In addition to cell size, IAS is often cited as a critical trait for CAM, although whether it evolves as a byproduct of tight cell packing (Maxwell et al., 1997) or as a way to reduce CO₂ efflux remains unclear (Borland et al., 2018). IAS was strongly correlated to strength of CAM when measured across unrelated CAM and C₃+CAM species (Nelson and Sage, 2008), but had little role in determining the strength of CAM when assessed within the genus Clusia (Barrera Zambrano et al., 2014). IAS was correlated to nocturnal CO₂ assimilation when tested across all three species of Yucca here, but was not correlated to leaf acid accumulation, and showed no relationship to any other traits within Y. gloriosa. That IAS is not predictive of physiology in Y. gloriosa (neither nocturnal CO₂ uptake nor the amount of leaf acids that accumulate) is surprising, given that contrasts between C₃ and CAM species have repeatedly shown the latter have significantly reduced IAS (Heyduk et al., 2016a, b; Males, 2018). Together, the IAS trends across and within Yucca species show that while IAS may be required for constitutive CAM, there exists a large intermediate space where IAS predicts very little about photosynthetic functionality.

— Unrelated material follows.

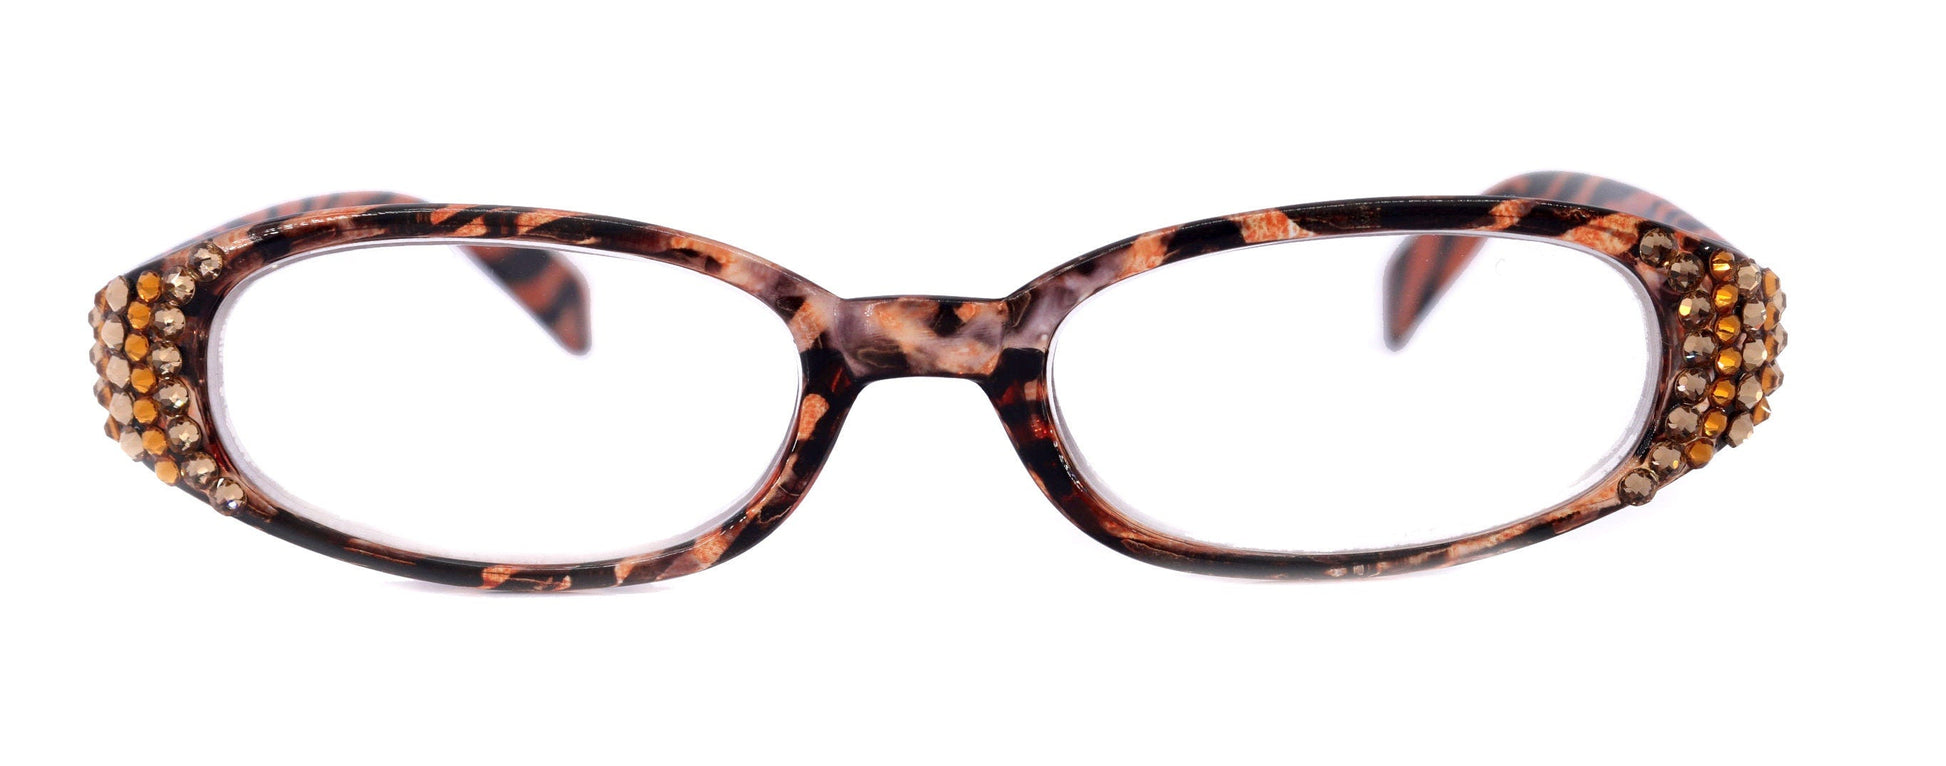 Isabella, (Bling) Reading Glasses Women W (Cooper, Light Colorado) Genuine European Crystals (Tiger) Animal Print NY Fifth Avenue

For many anatomical and physiological traits, Y. gloriosa has intermediate values compared to the two parental species and often occupies a much broader range of trait values (Supplementary Data Fig. S3). It is possible that our limited sampling of the parental species, drawn from previous work, reduces our ability to accurately assess trait space in Y. aloifolia and Y. filamentosa. However, multiple genotypes were sampled across the ranges of both parental species, and thus the greater variation found within the hybrid is likely to be due to genomic mixing, rather than sampling bias. While trait values in Y. gloriosa were typically intermediate, one notable exception was the transgressive values of total CO₂ assimilation under both watered and drought-stressed conditions. Due to Y. gloriosa’s nearly C₃-level of daytime CO₂ fixation coupled with the ability to use low-level CAM, total CO₂ uptake rates far exceed that of either parent, at least in certain genotypes. Such a mixed photosynthetic strategy may be particularly valuable on the coastal dunes that Y. gloriosa is restricted to, because although rainfall in the southeastern USA is not particularly limiting, any water that does fall probably percolates through the sandy substrate quickly.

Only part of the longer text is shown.